A while back I had found a bunch of little solar cells on Ebay for cheap. I hadn’t really looked at them or tested them in any real way but today I wanted to see if they could power even a small project. As it turns out, I would require a great number of them in order to make even an LED light up (Assuming no capacitor or storage device). Since the sun was going down, I needed a constant source of light so I used my desk lamp. Here are the comparisons.
Those are the units I bought. I think I got like 30 for $10 or something. relatively cheap, but not really. I was expecting some decent performance, which I got, but not nearly as much as I expected.
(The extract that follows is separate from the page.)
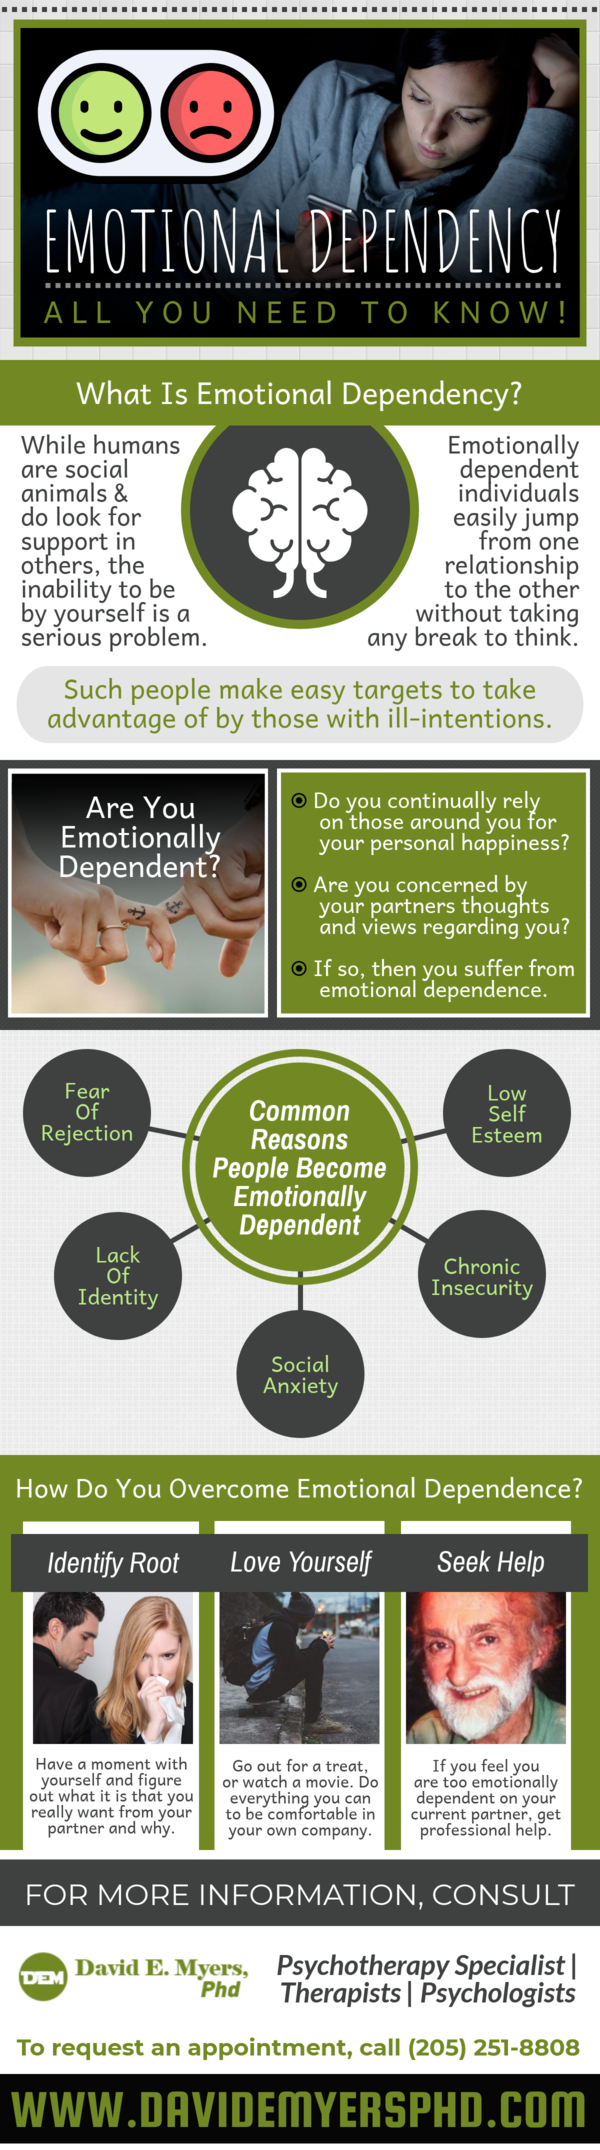 What Is Emotional Dependency

This is the competitor. It’s the old Archer 6-12V solar cell pack. It’s quite old (25 years), the lens is dirty but it still works quite well.
And here is the test cell/array that I soldered together.
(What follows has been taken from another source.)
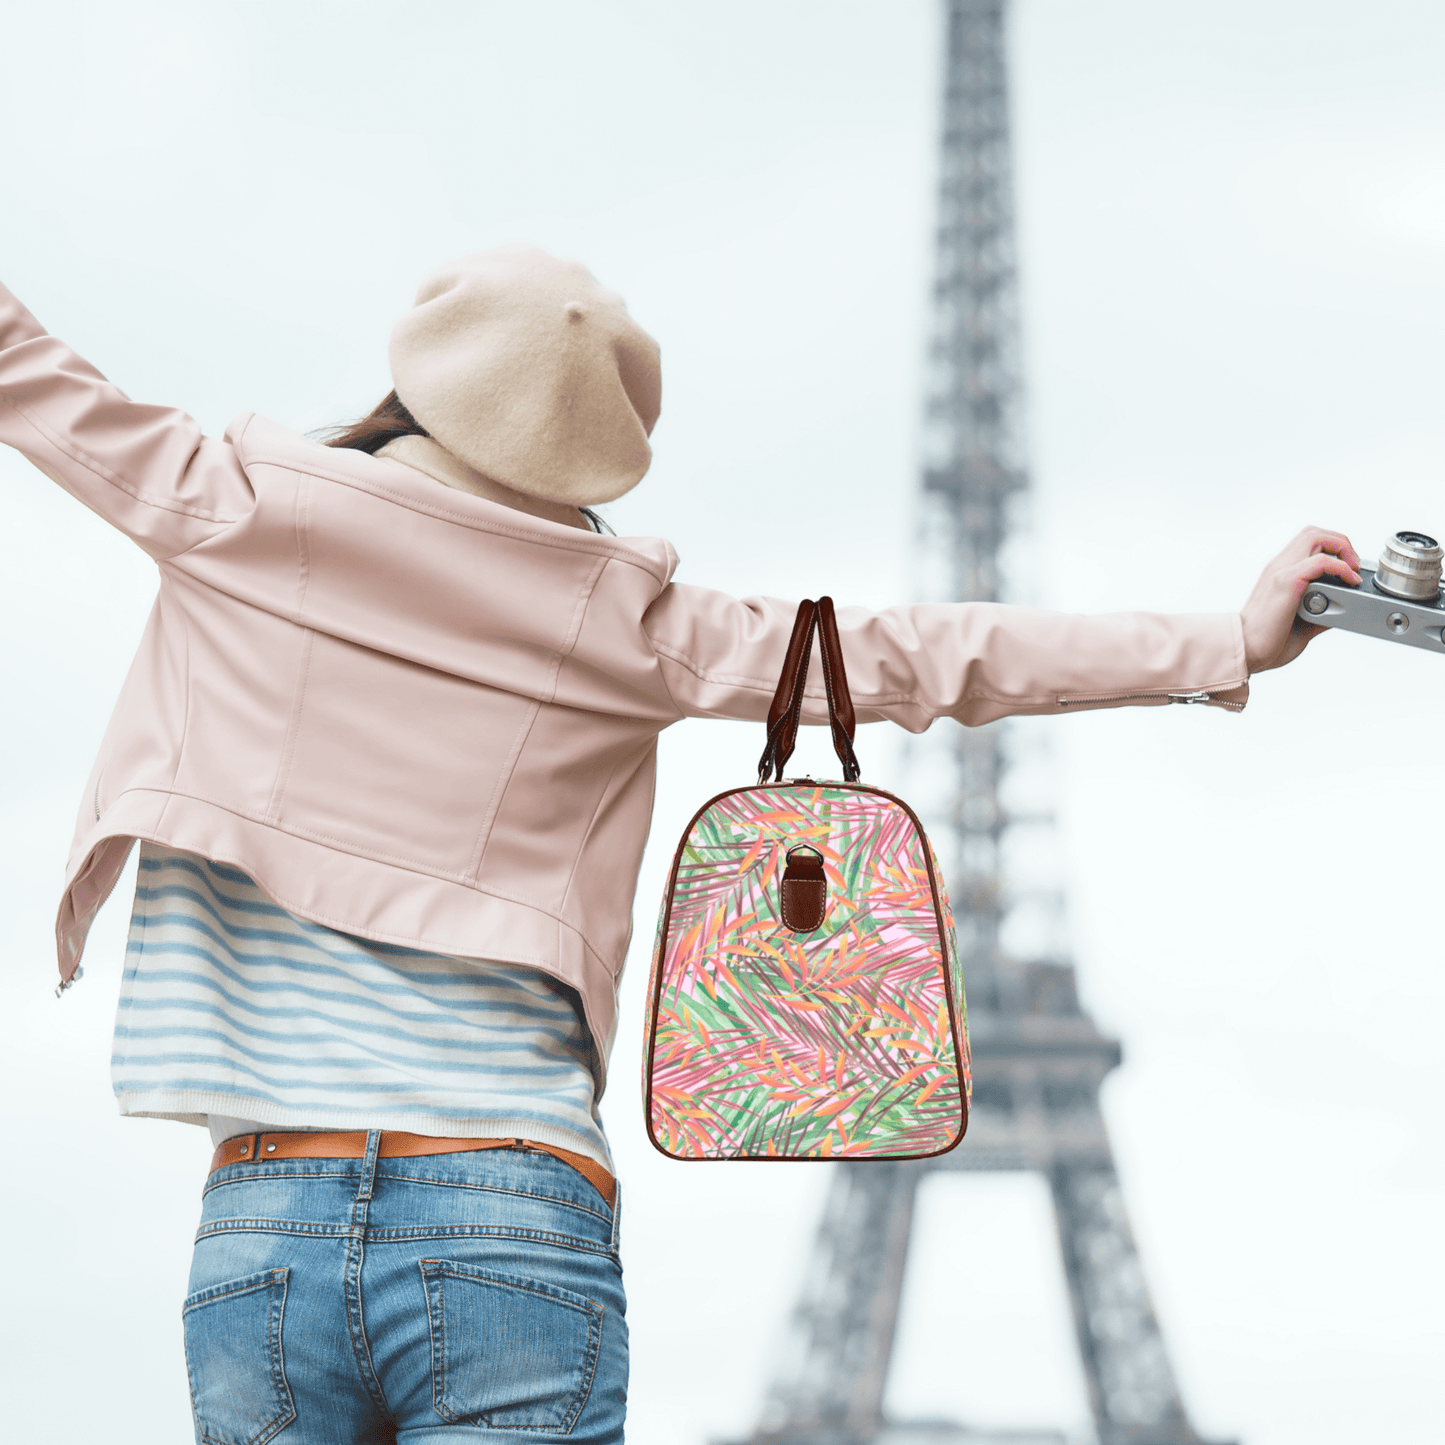 Traveling to Paris to see the Eifel tower requires the perfect stylish bag.

Now, keep in mind that this was all done with a desk lamp. I maintained a certain distance from the bulb and only used the maximum measurement received by moving the panel around. Also given are comparitive measurements for the overall visible area exposed to light.
|Old Archer Panel||Cheapy EBay panel|
|Measured Amperage||305 uA||628 uA|
|Calculated Watts||1.6 mW||.1 mW|
|Measured Area||14.05 Sq.in.||1.6524 Sq.in.|
|Cell Sizes||.788in x .563in||1.063in x .433in|
|mW per Sq.in.||.113mW per sq.in||.06 mW per sq.in|
That all being said,you could still run quite a few little things at that low current rating if you were to link together all of the cells for whatever reason. unfortunately, nothing that I want to do could use them. So the lesson for the day is “Quality over Quantity”
Also, as an aside, here’s my new Agilent U1271A multimeter. Works like a dream!!!
Perhaps tomorrow or someday I’ll give figures for sunlit voltages/amperages.